I got the airbox figured out









but I can't figure out how to do the cvt intake as the starter is kinda in the way.








Anybody got any pics of this part?

BTW I am gonna go ahead and relocate the radiator too.


----------



## Cal3bCart3r

For the cvt intake, u should be able to use a 2" to 2" rubber adapter ...its a bitlonger than the stock coupling ....


----------



## Ole Nasty

All right, so I scrapped my original airbox plan and did something that fit a little better.
a 90deg 1.5" barbed fitting.








cut off the threads








sand off the barbs 








and glue into the plexiglass(everything is unglued right now for fitment)









I used a fernco 1.5"-1.5" elbow on the cvt intake

















Here is the the CVT intake, exhaust and left side airbox fitting hoses









and here is the only way I could figure out how to route the right side of the airbox hose.

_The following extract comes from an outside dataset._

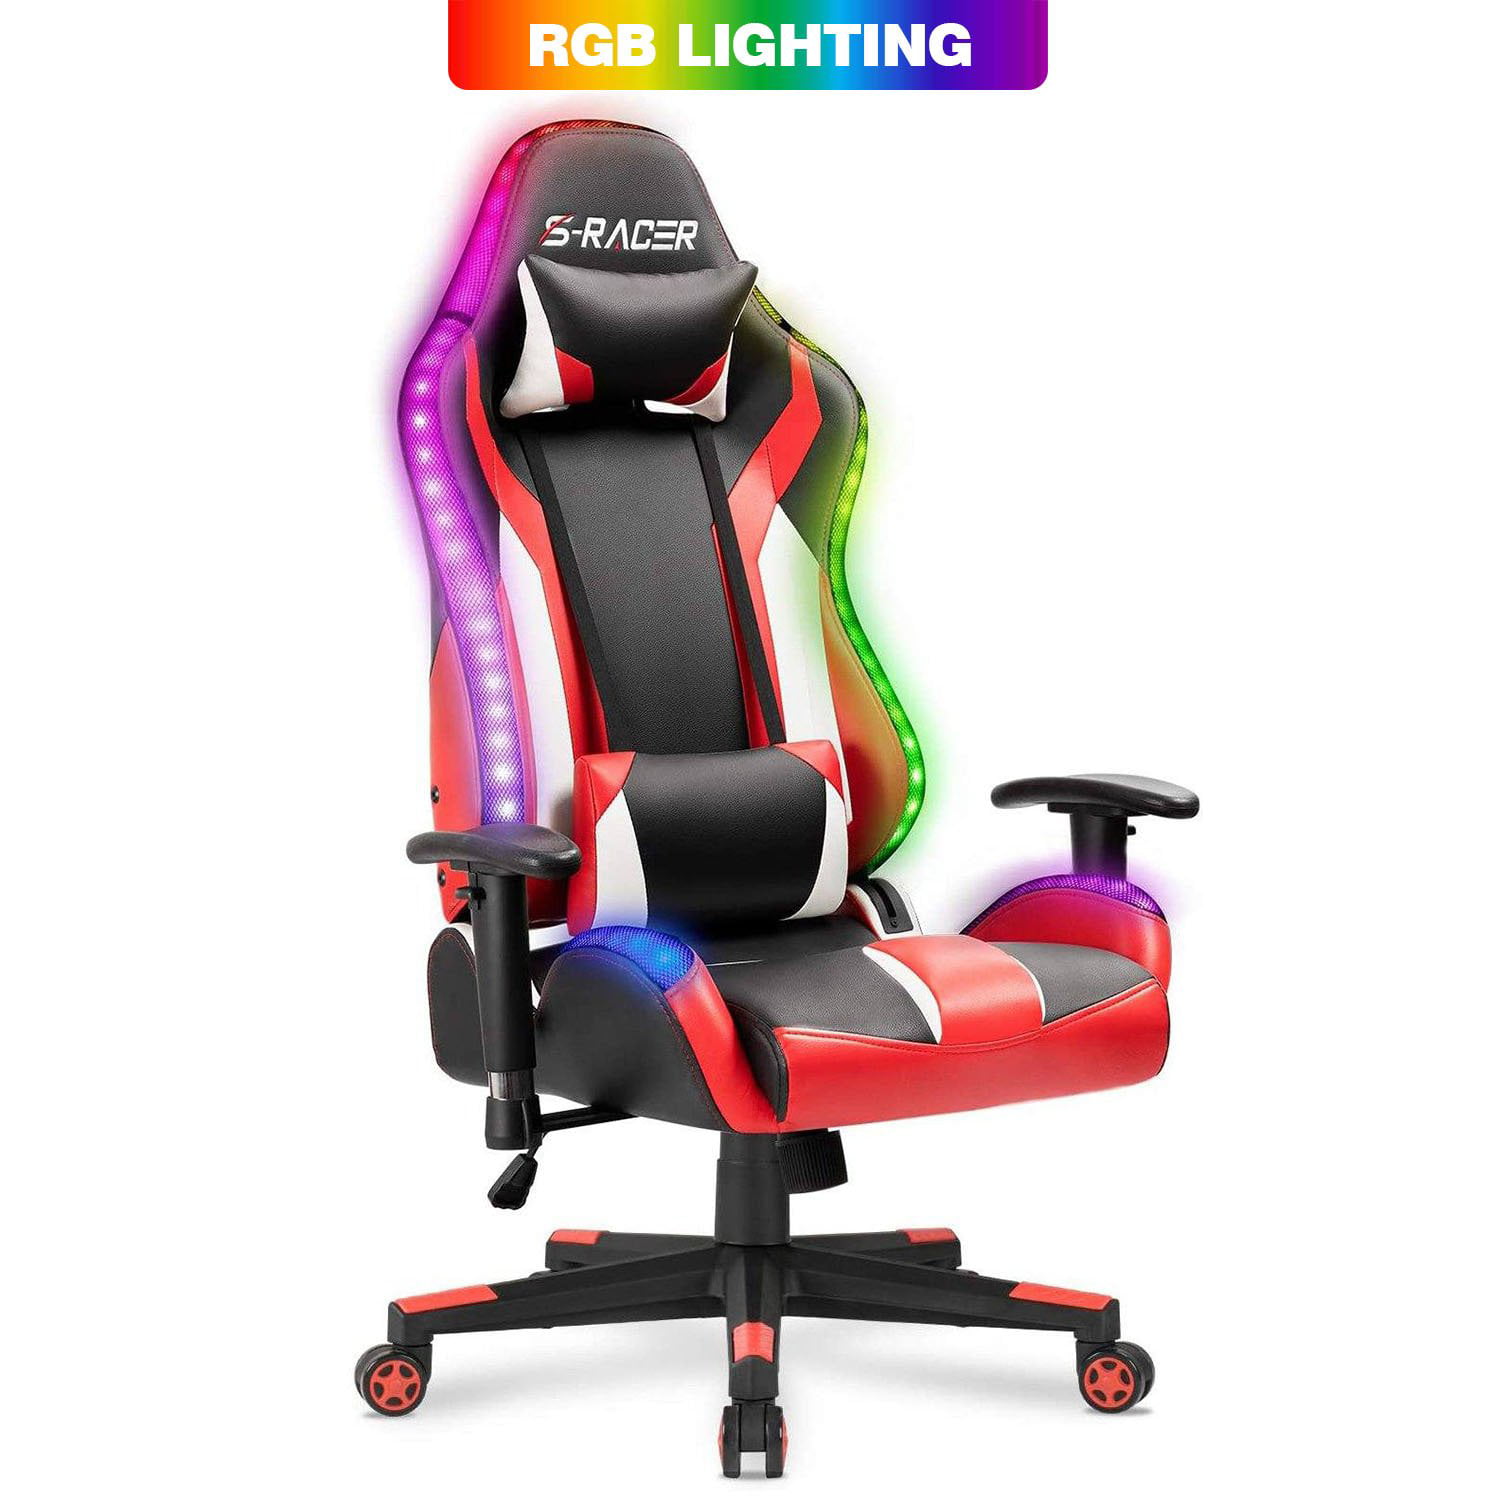  Gaming Chair Rgb Lighting

That's all I got done today. I plan on wrapping all the hoses in foil tape to protect it from heat.

EDIT

Relocated the rad too, it was a little dirty


----------



## Polaris425

looks good so far


----------



## mmelton005

I don't think I'll ever complain about snorkin a brute, that looks like a pita! good job so far though


----------



## Ole Nasty

You're right, it is a PITA. My Grizzly was a walk in the park compared to this.


----------



## Ole Nasty

So I finally finished this project. Sorry its not cleaner, I've been in a cast for a long time because I broke my ankle. I put it away dirty and with a broken belt. As soon I got out of the cast I got to work because I'm going to be riding this weekend. Anyways, on to the pics.

Using this, $40 electric impact from HF(TOTALLY WORTH THE MONEY)


I removed this(primary)


Using this(clutch removal tool, $20 from Amazon)



I didn't get a pic of before, but you have to seal this black rubber seal to the tranny and clutch housing. This was a ******-poor design on Polaris' part.


I didn't get any pics but put it all back together and the seal up the clutch housing.

Finished project, I'll get some better pics next time I get it cleaned up real good.


----------